The United States is a tasty market. These days, companies from countries with sturdier economies are mining the domestic market. Little footholds, smart functionality, intelligent pricing and good customer service go a long way.

The US HRTech market is significantly more sophisticated and ready to buy. Offshore vendors find the market to be easier to penetrate for just that reason. While customer acquisition costs are very high in the domestic market, they are higher still when the customers are not ready from a technical perspective.

Last week, I spoke with Stephane Le Viet, CEO of Multiposting, a 4M Euro company in the same business as eQuest, Arbita and other Job Ad Distribution companies. Le Viet, who is a seasoned player with experience at McKinsey and as an internet cinema entrepreneur. He exudes a kind of self-confidence that is often missing from the entrepreneurs in our space.

Throughout our conversation, Stephane emphasized ‘the proper way to get things done’. At first, it was extremely off putting. Much of the contemporary view of the HR market is that there is no such thing. Our models in the HR industry are almost always about adaptation, innovation, improvisation and discovery through mistake making. The idea that there was a proper way to do anything was grating.

And then Le Viet showed me WorkFor Us. (TechCrunch covered it about 60 days ago) WorkForUs is the simplest and most proper of things.

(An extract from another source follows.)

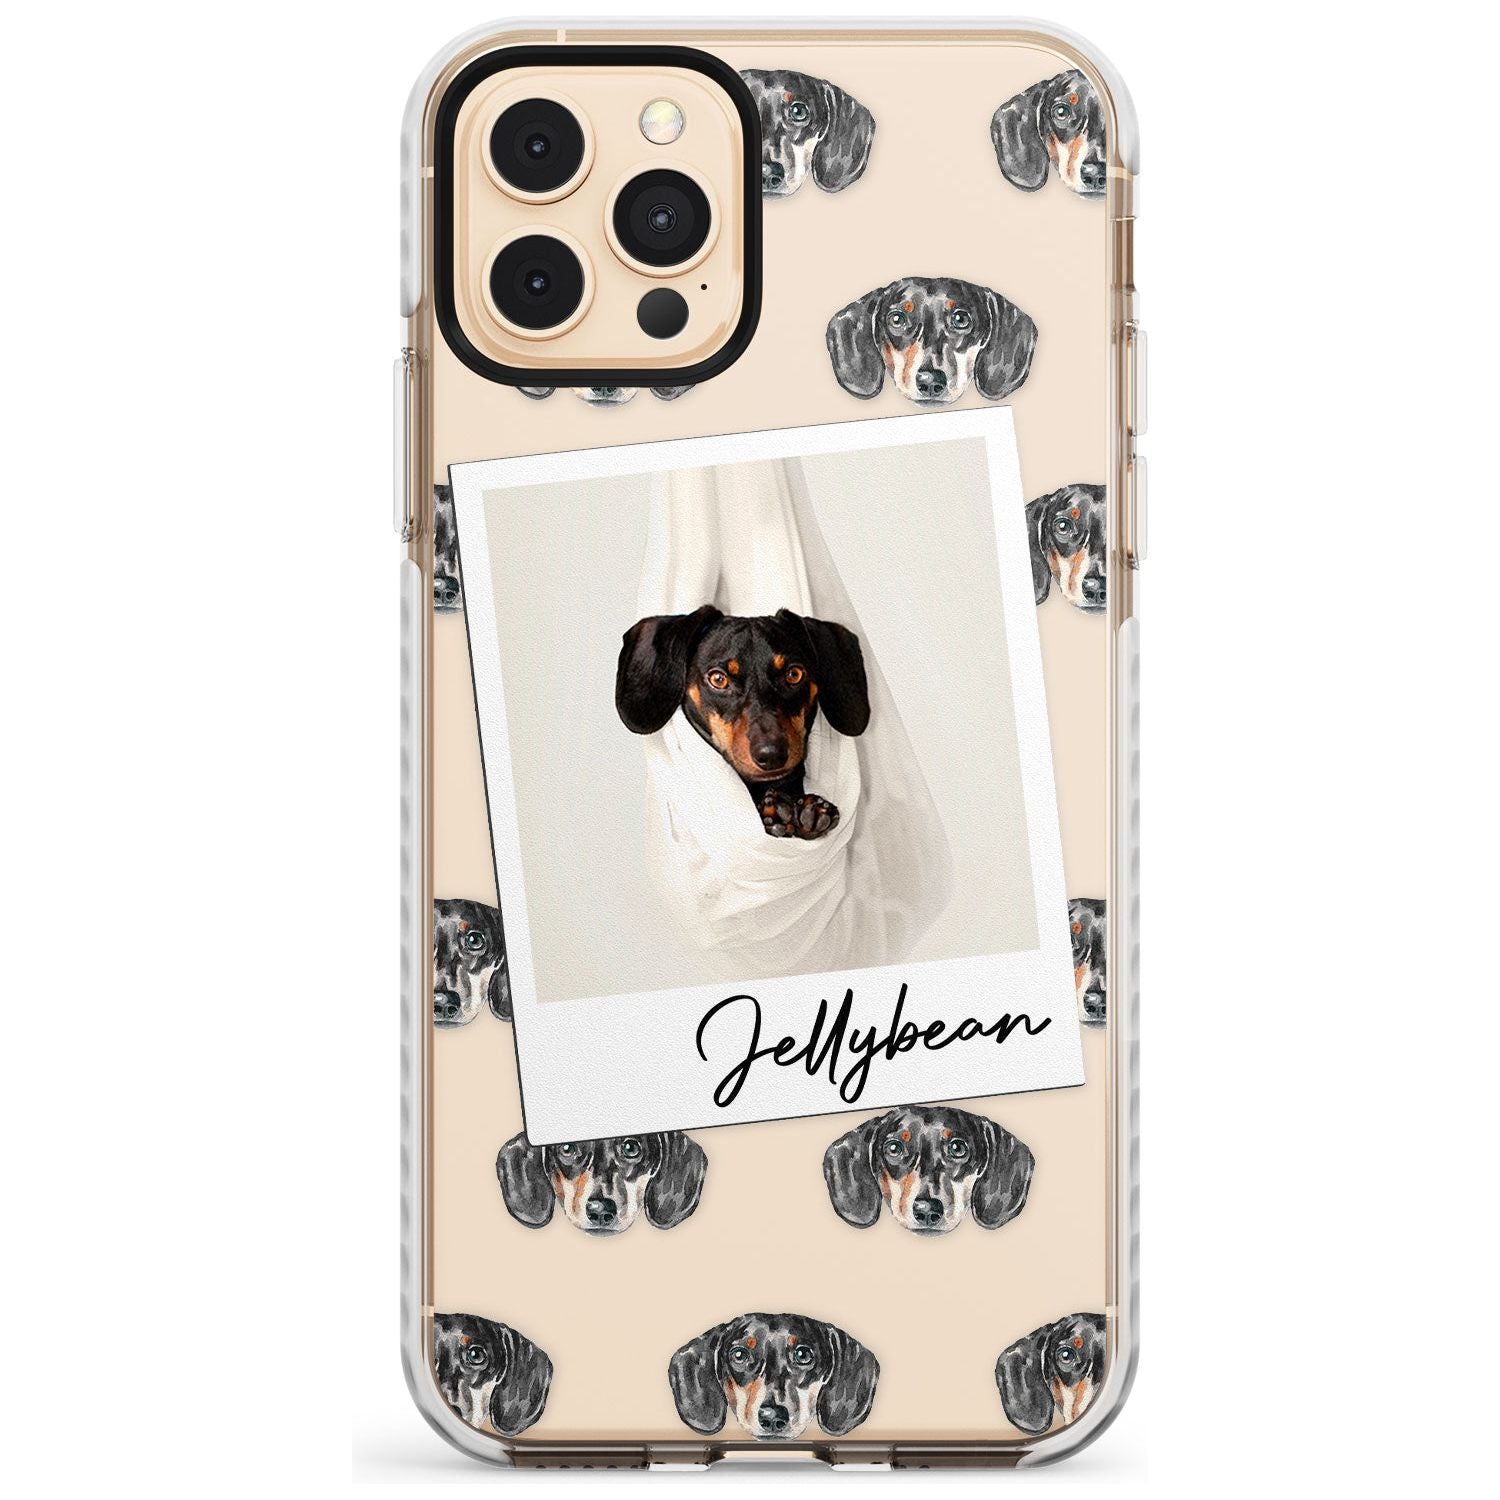 Dachshund, Black- Custom Dog Photo Slim TPU Phone Case for iPhone 11 Pro Max

You know all of that fuss about social Recruiting? You’ve got to admit that there’s a lot of fluff and not much substance. Everyone is so busy trying to figure out the meaning of life that they seem to have overlooked the simplest thing: a repeatable interface that stands in between a fan page and the ATS; a simple application process; the fundamental recruiting tool.

And that’s what you get with WorkForUs … a tool that properly solves one problem. It takes the people who want to apply for jobs on your Facebook Fan page and helps direct them through the process. For a modest fee per job, you can route job hunter traffic just as you’d like it.

Pricing runs from $9/month for 5 jobs to $499 for unlimited usage. (See the details here) It’s a proper and interesting project from Work4Labs.